(Beginning of Information shown)
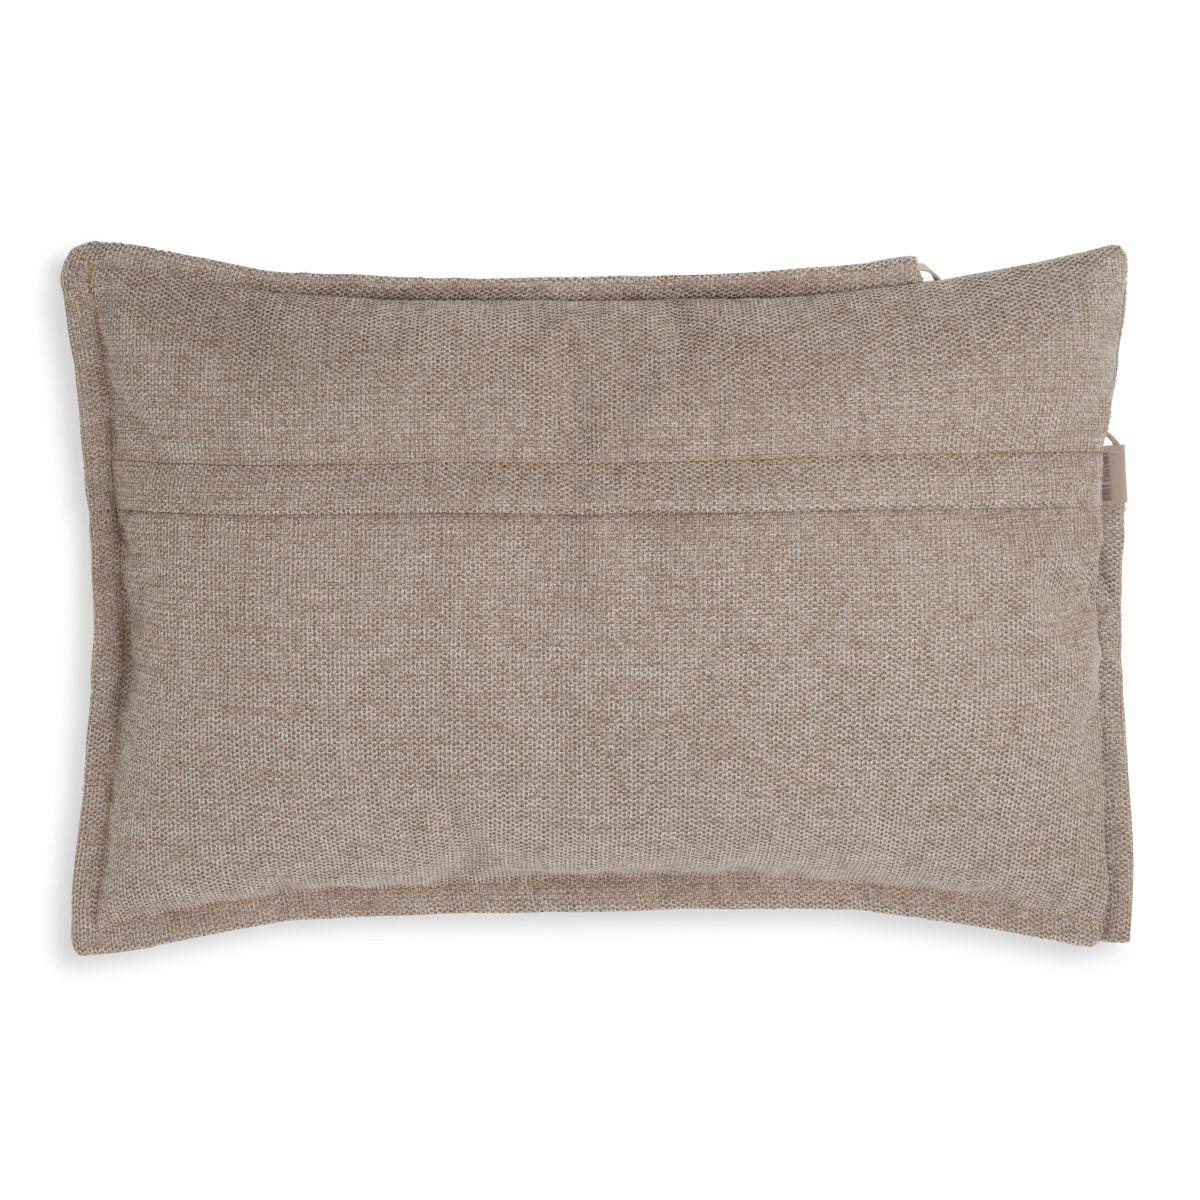 imre cushion beige 60x40
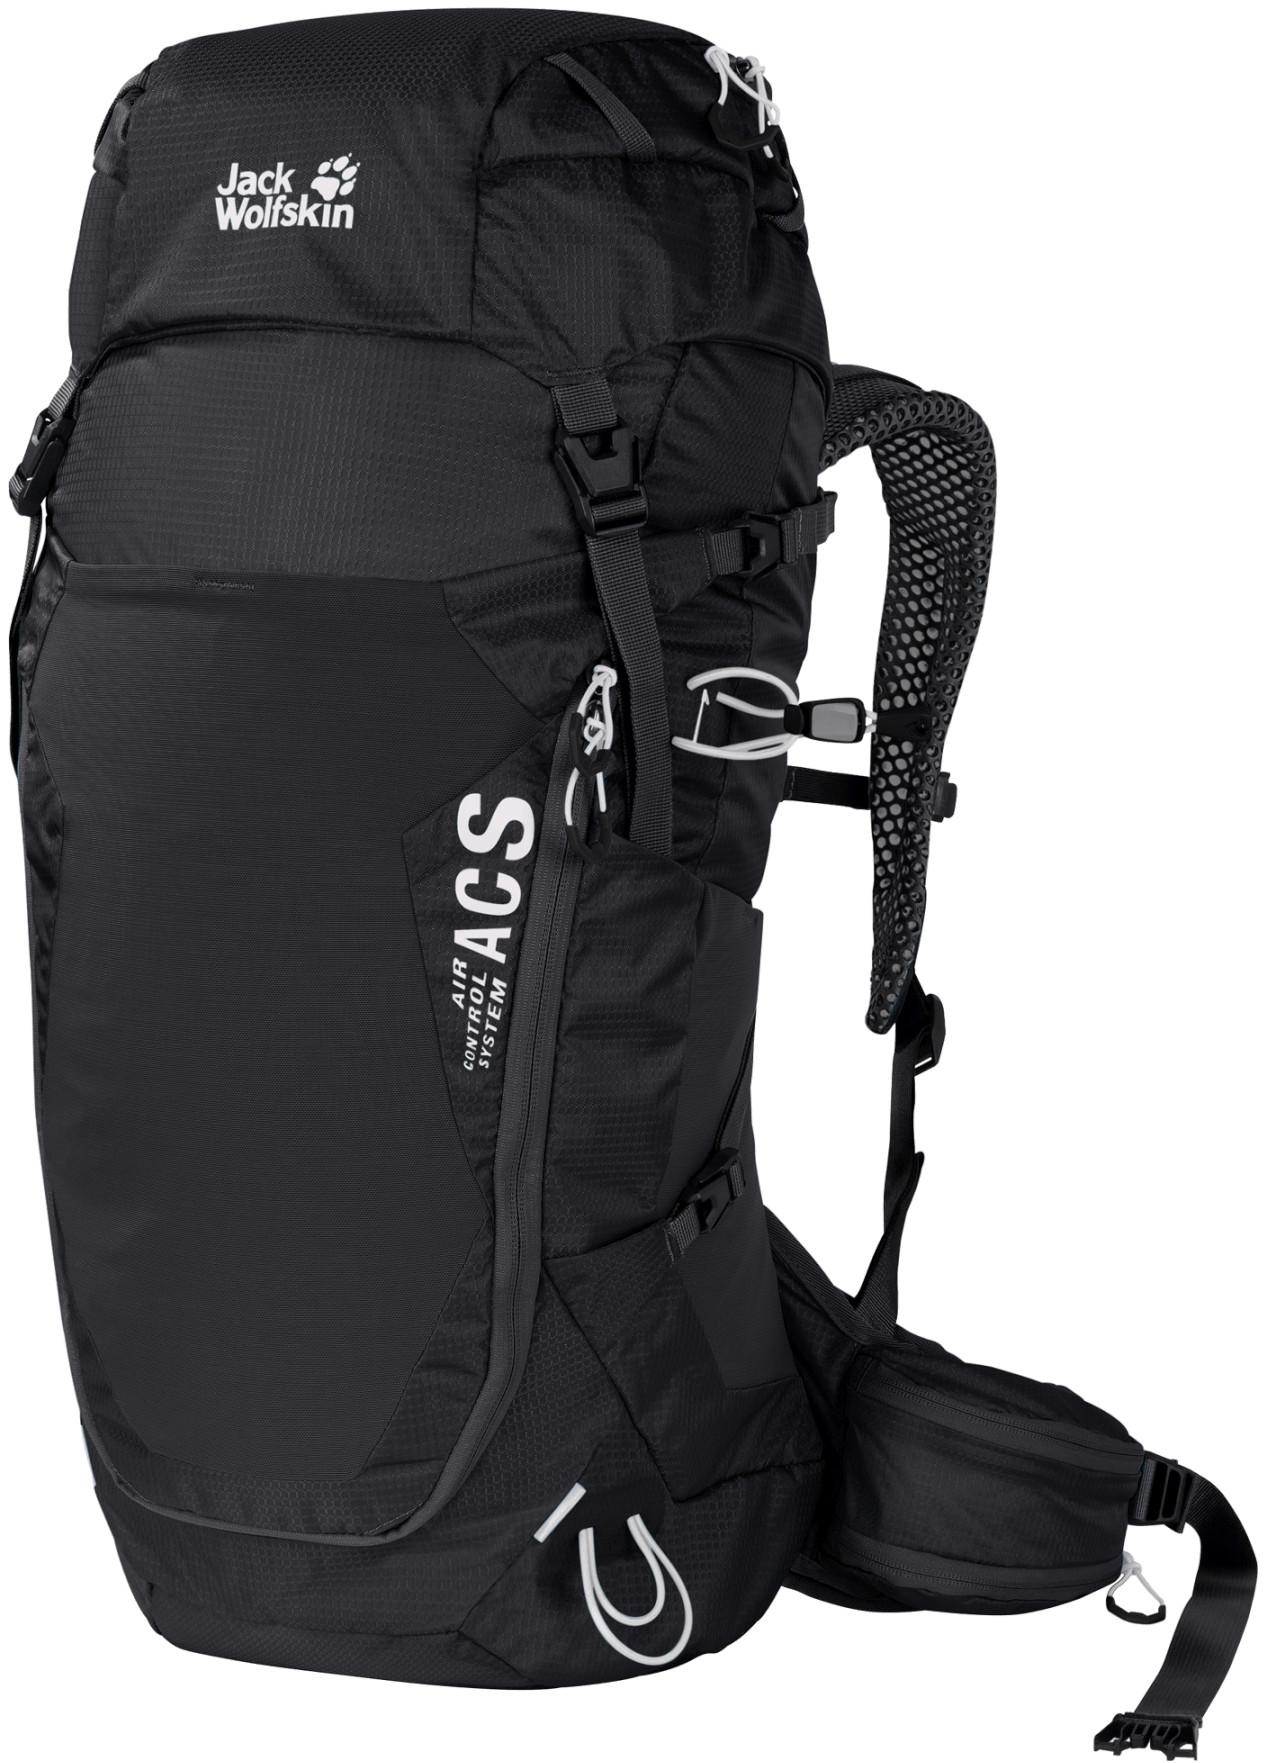 Jack Wolfskin Plecak turystyczny CROSSTRAIL 30 ST black
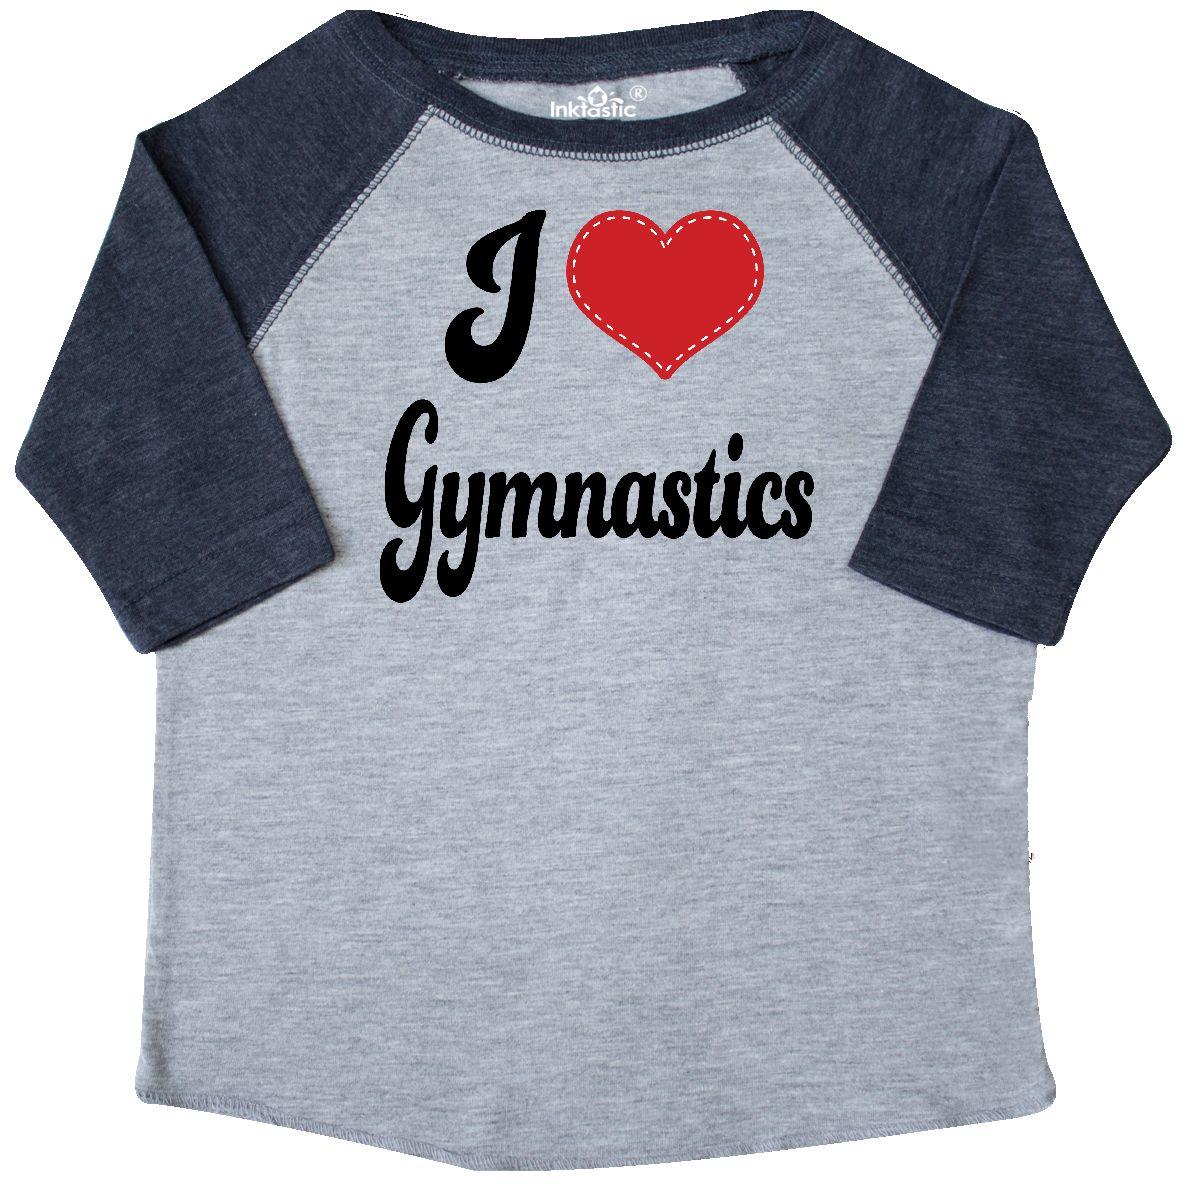 inktastic Gymnastics is My Life Toddler T-Shirt
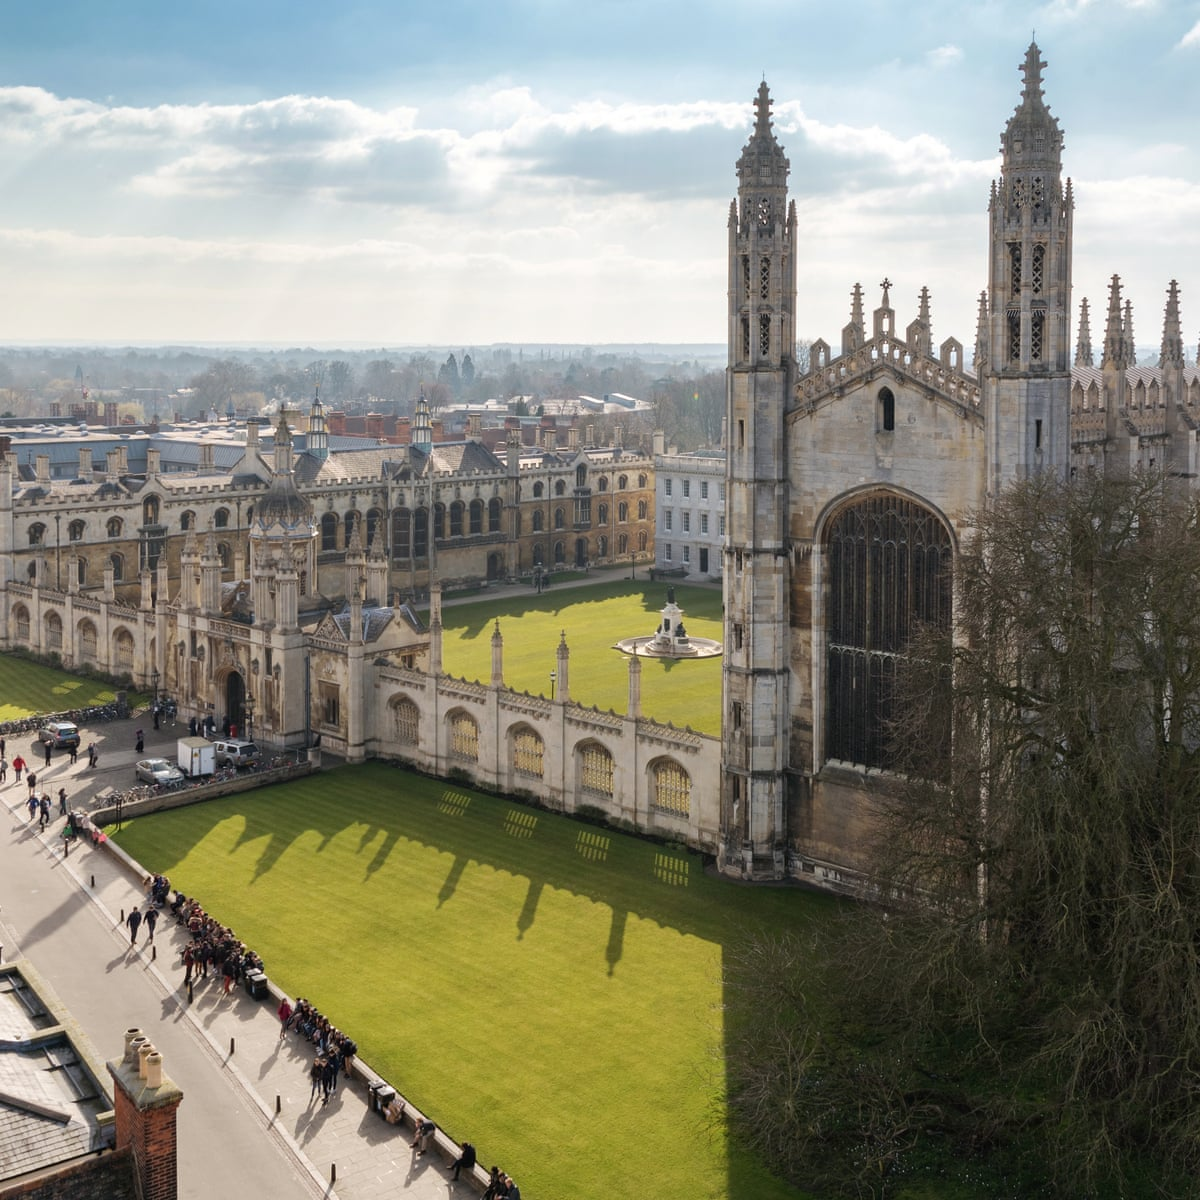 University guide 2022: University of Cambridge | University guide | The  Guardian
(End of Information shown)
Exercise directions ->
The copy should begin at the line containing "Jack Wolfskin Plecak" and end at the last line of the data above; please restate those lines word for word without the pictures.

Task output ->
 Jack Wolfskin Plecak turystyczny CROSSTRAIL 30 ST black
 inktastic Gymnastics is My Life Toddler T-Shirt
 University guide 2022: University of Cambridge | University guide | The  Guardian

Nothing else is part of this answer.